Last week one of the reporters sent an email asking what, as a reader of The Union, I had observed during this period.
I said
...it is very interesting now, to be in this position in the journo 'manufacturing' process ... usual position is standing outside pointing finger and saying 'why don't you get the real story?'
A difference of perspectives can do wonders for understanding... My first impulse was to mutter "why me" and hastily redirect her elsewhere.
(like I said, it does wonders...)
But it was clearly time to put up or shut up, so I answered her.
and also said:
if I'm not comfortable with how the story comes out, I'll want to post the gist of [my response]* on my blog. ...
May end up posting it, or some of it, on NC Documents within the next day or two. Not because I'm unhappy with the outcome, really, just that it's so...incomplete.
The story's balanced. Very balanced.
do sources always have this reaction?
Excerpts:
[RS on the newspaper building] "...we can put skylights in there and maybe shed some light on things. So that would be great. At least we would get some sunlight in."
Skylights? The anecdote seems telling, but it's hard to say what it tells. There are several potential Somervilles it indicates, each of them with some precedent in the man's career...
Skylights? The anecdote seems telling, but it's hard to say what it tells. There are several potential Somervilles it indicates, each of them with some precedent in the man's career...
"...I was getting the itch to go back in the newsroom again. I was looking for a paper that was looking for an editor that wanted to do some of this stuff. And I preferred a smaller paper. A community paper."
At that time, The Union, a 140-year-old paper in Nevada County, Calif., was undergoing tremendous change. ...
At that time, The Union, a 140-year-old paper in Nevada County, Calif., was undergoing tremendous change. ...
Anna Haynes, a blogger in Nevada County (ncfocus.blogspot.com) said by e-mail last week that she has Somerville to thank for turning her into "a journalism junkie." It was September 2002, and the paper had just gone through a summer with a new publisher and no editor, a period in which, she said, the paper was "a "referee-free" zone ... "with the publisher egging people on ... and so I think there was a collective sigh of relief when [Somerville] came on board. I saw him as a voice for civility in the community, I found his columns on journalism interesting," she said.

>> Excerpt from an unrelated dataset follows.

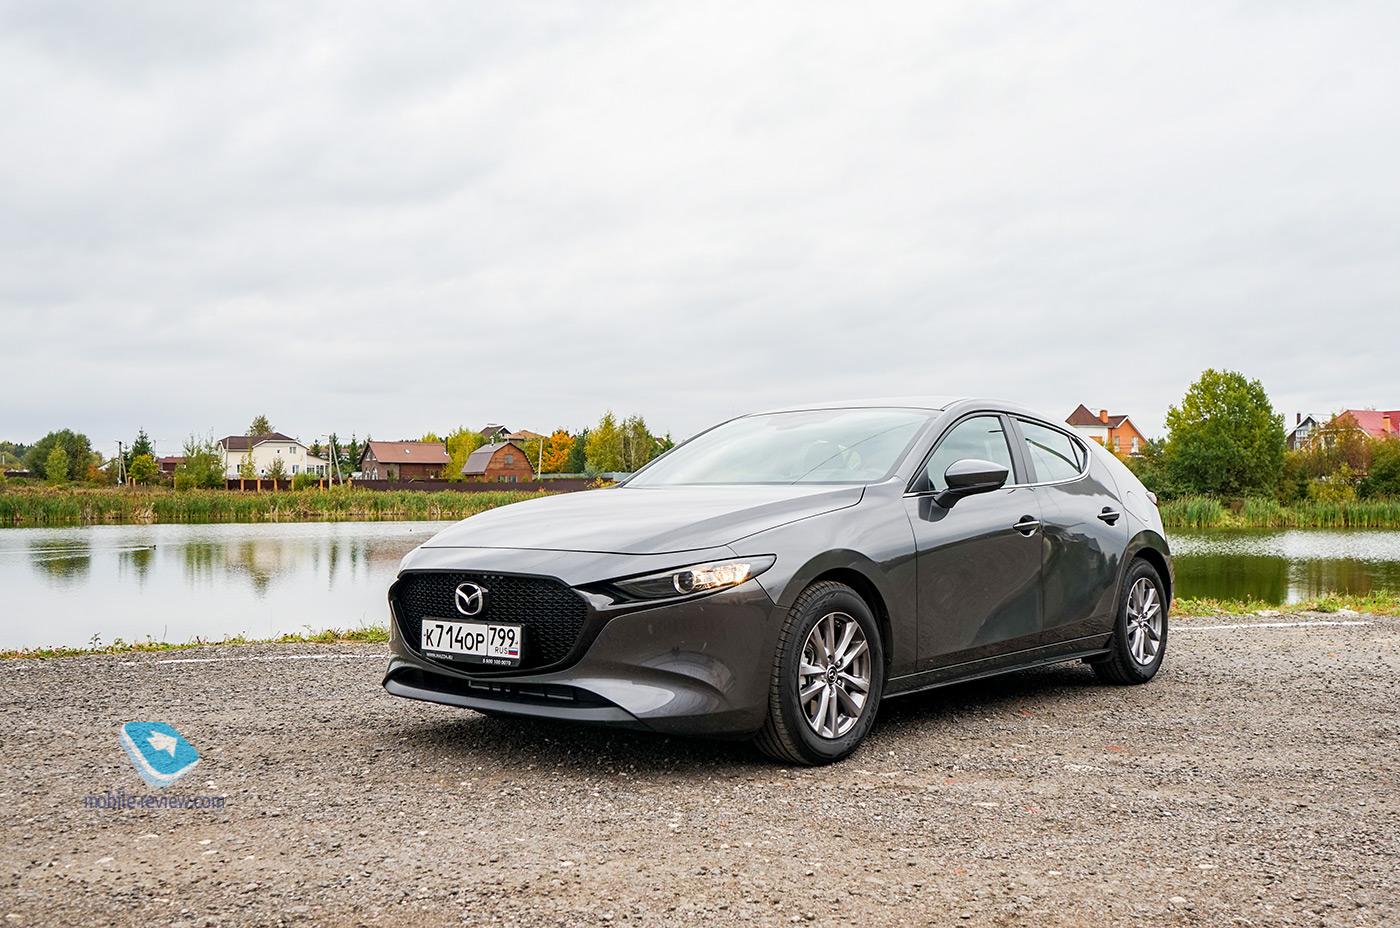 Первый взгляд на новую Mazda 3. Японцы рвутся в премиум

Sure, she had her criticisms. But, she said, Somerville "had to work with a fractious publisher and a fractious community," in which a "major power struggle" was going on surrounding development issues. And perhaps, she surmised, the problems she saw were just the nature of small-town newspapers.
Sure, she had her criticisms. But, she said, Somerville "had to work with a fractious publisher and a fractious community," in which a "major power struggle" was going on surrounding development issues. And perhaps, she surmised, the problems she saw were just the nature of small-town newspapers.
For now, an observation (which doesn't exactly pertain to this article; the NCJ reporter's question was open-ended) from Language Log:
The journalists already know what the stories are. Their questions are not designed to discover any new facts or ideas, but rather to get quotes that will fit in to designated places in the frameworks of logic and rhetoric that they have already erected.
The selection of different parts of my response to quote would have made for a dramatically different end result.
Two observations:
- Stories are much cleaner than realities. But maybe the writers have to shape the realities, else the stories would be too pointless and painful and sprawling to read. Our minds want/need a nice spiffed-up interface to reality.
- Deciding what to say in response to an open-ended interview question is like deciding which direction and how sharply to turn the wheel, when you're driving blind - you know (or at least retain the illusion) that what you say will affect the outcome, but you don't know how to orient your contribution, to keep the result on the road.
I thought the story'd be heading into the gully, so was pulling firmly to the left, and when it came to a stop the story was over on the left shoulder.*
no oncoming traffic, fortunately...
-------------------
Addenda:
- Previous, very brief North Coast Journal mention of RS here.
- To my reader who's come flooding in from Eureka: hello, and if you prefer gore and dismemberment to balance, try the "some of my many gripes about the paper" links near the bottom of the sidebar, on your left; this post gives an overview.
- Disclosure, re extent of my connections to RS -
I never met or spoke to him while he was editor of The Union, but we did correspond a fair amount by email (not printed in story: "like I said previously, S was orders of magnitude more communicative than others..."); on 3 occasions since then, we've met for coffee at my request and discussed journalism, readership, the paper etc, though not in great detail.
We had no contact in the run-up to this story. - Further reflection on tone of the NCJ piece:
in a word, masterful. The emergence of blogs gives reporters new freedom... - Speaking of which, the attitudinous Capt. Buhne of the Buhne Tribune weighs in. NCFocus's milquetoast blog monopoly on this story will not be challenged.